Estimating Evaporative Fraction from Cloud Remote Sensing Observation

The potential use of continental fair-weather shallow cumuli as a way to retrieve the daily surface evaporative fraction over land is evaluated in convective conditions. The proposed method utilizes the fact that both the timing of cloud occurrence and the cloud base height at the time of occurrence provide strong constraints on the surface energy balance and evaporative fraction. The retrieval is especially reliable in the presence of relatively stable and humid free troposphere profiles.

The advantage of the method is that it provides a more direct estimate of the surface evaporative fraction than indirect estimation based on inversion of a highly parameterized land surface model. In addition, the evaporative fraction is obtained at a scale of a few kilometers, which is more pertinent for weather and climate studies.

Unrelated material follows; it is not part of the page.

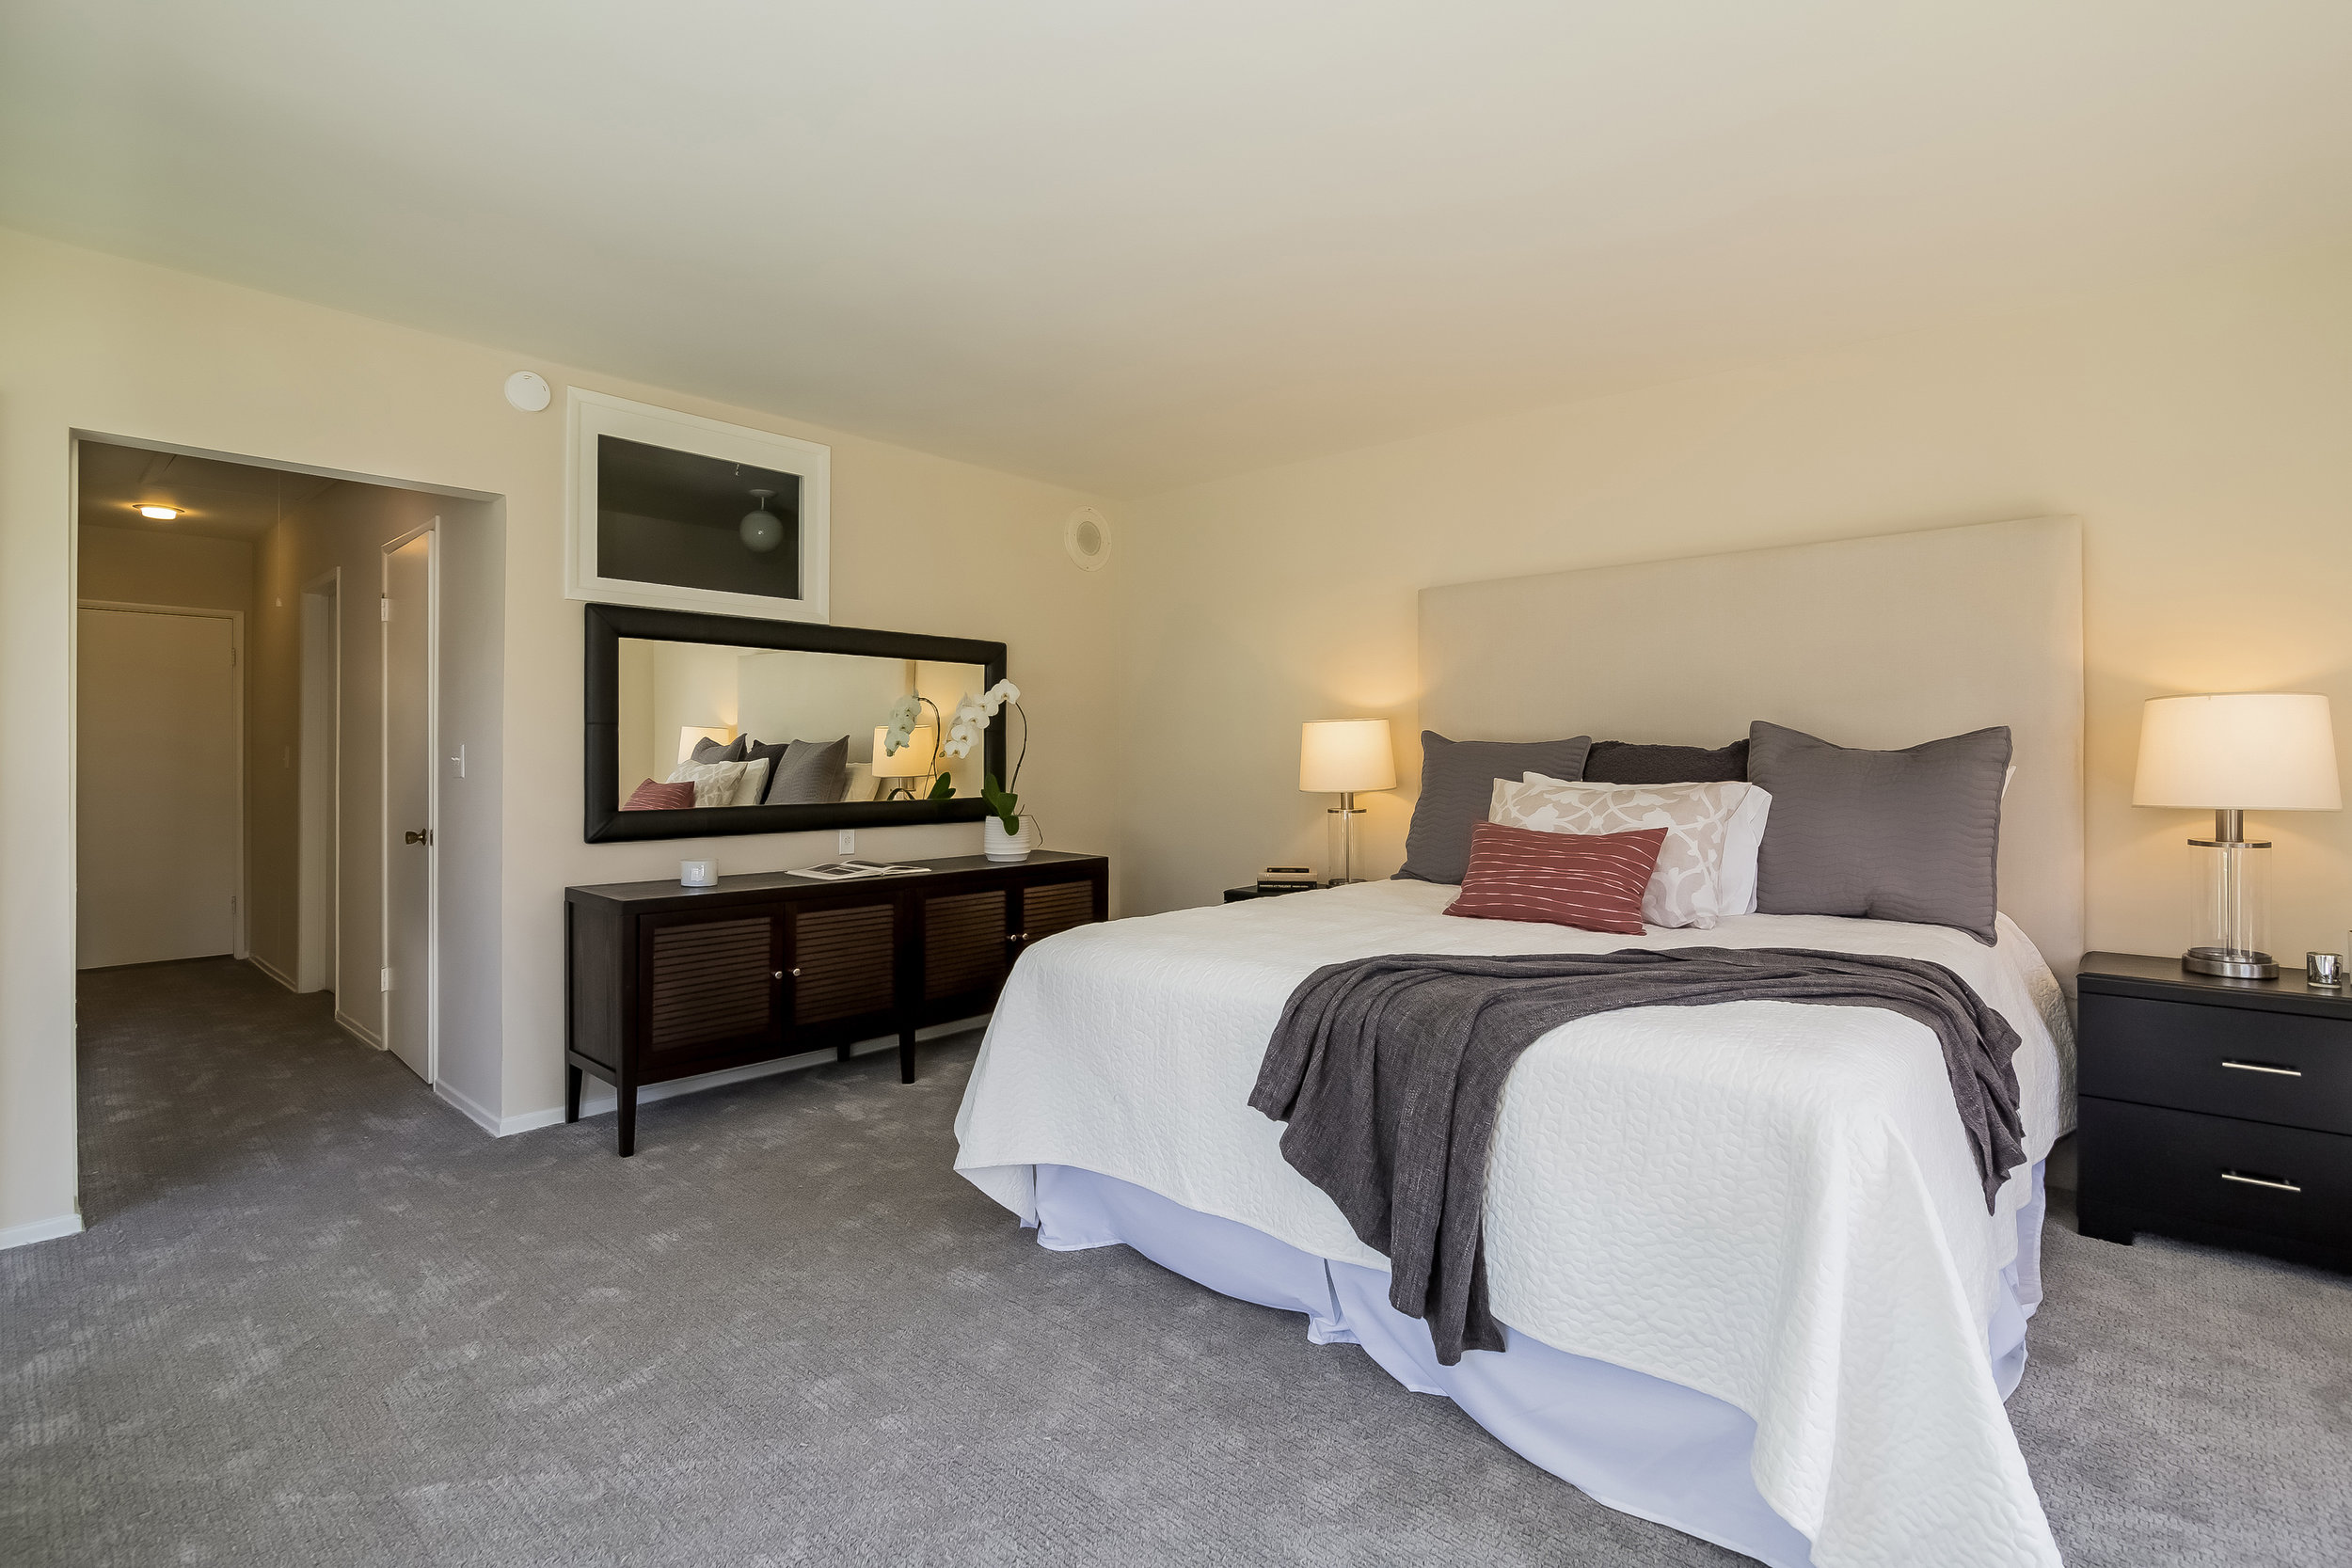 023-Master_Bedroom-2805404-large copy.jpg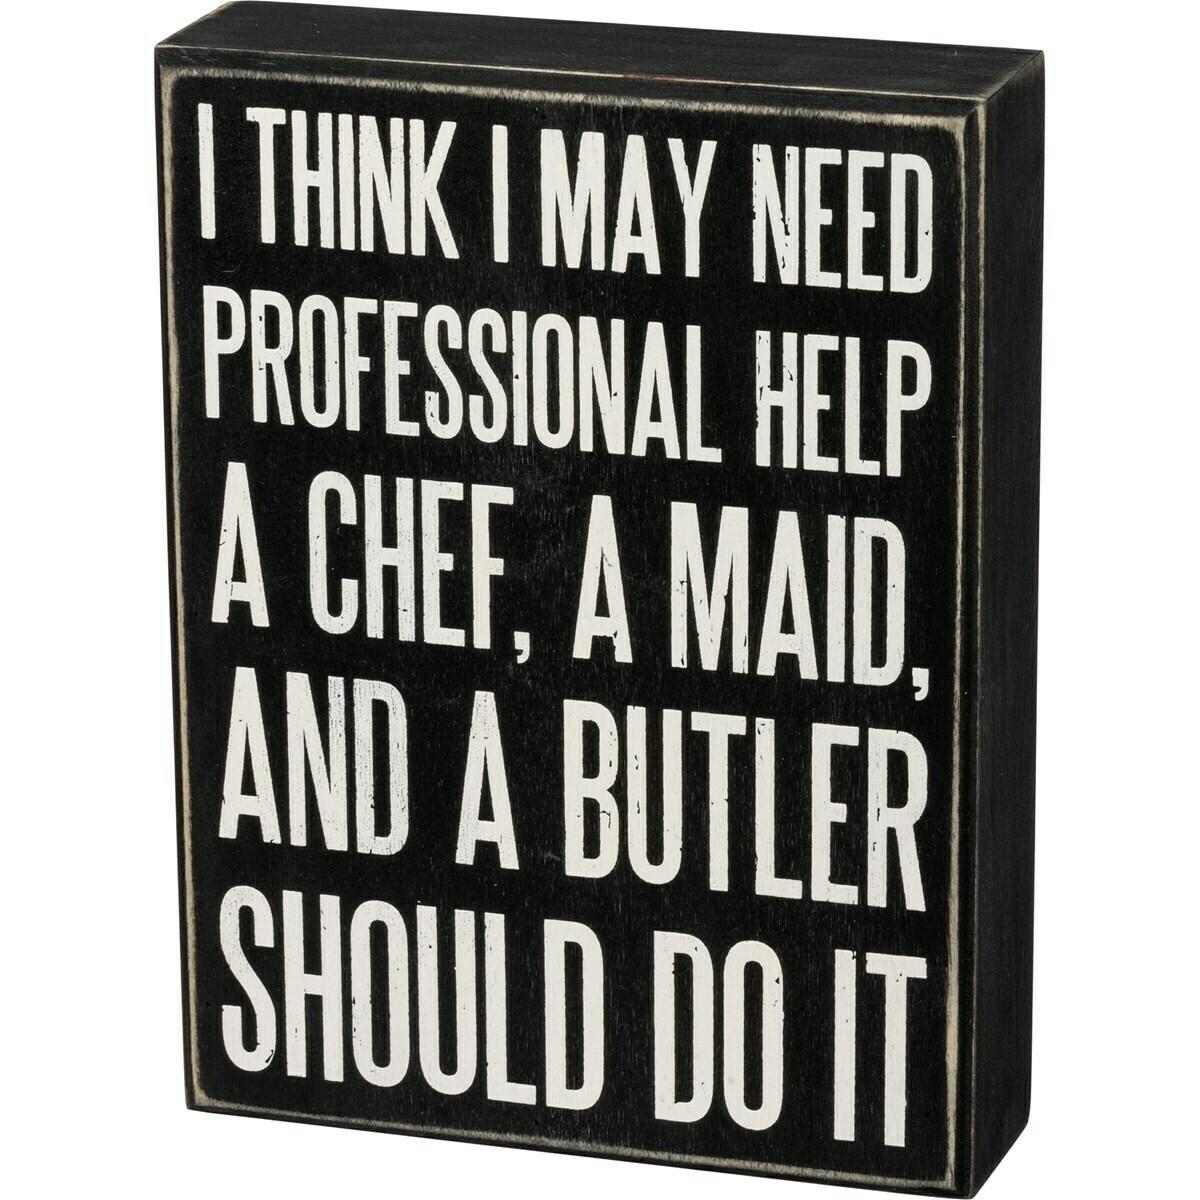 I May Need Professional Help Box Sign

The retrieval strategy is tested and validated over three datasets with contrasting climates: the Southern Great Plain (SGP) Atmospheric Radiation Measurement (ARM) facility in the continental United States, the African Monsoon Multidisciplinary Analysis (AMMA) dataset in Niamey, Niger, and the Cabuaw dataset in the Netherlands. We suggest that the use of satellite observations of shallow cumuli can help constrain the retrieval of the surface evaporative fraction within a data assimilation scheme/reanalysis.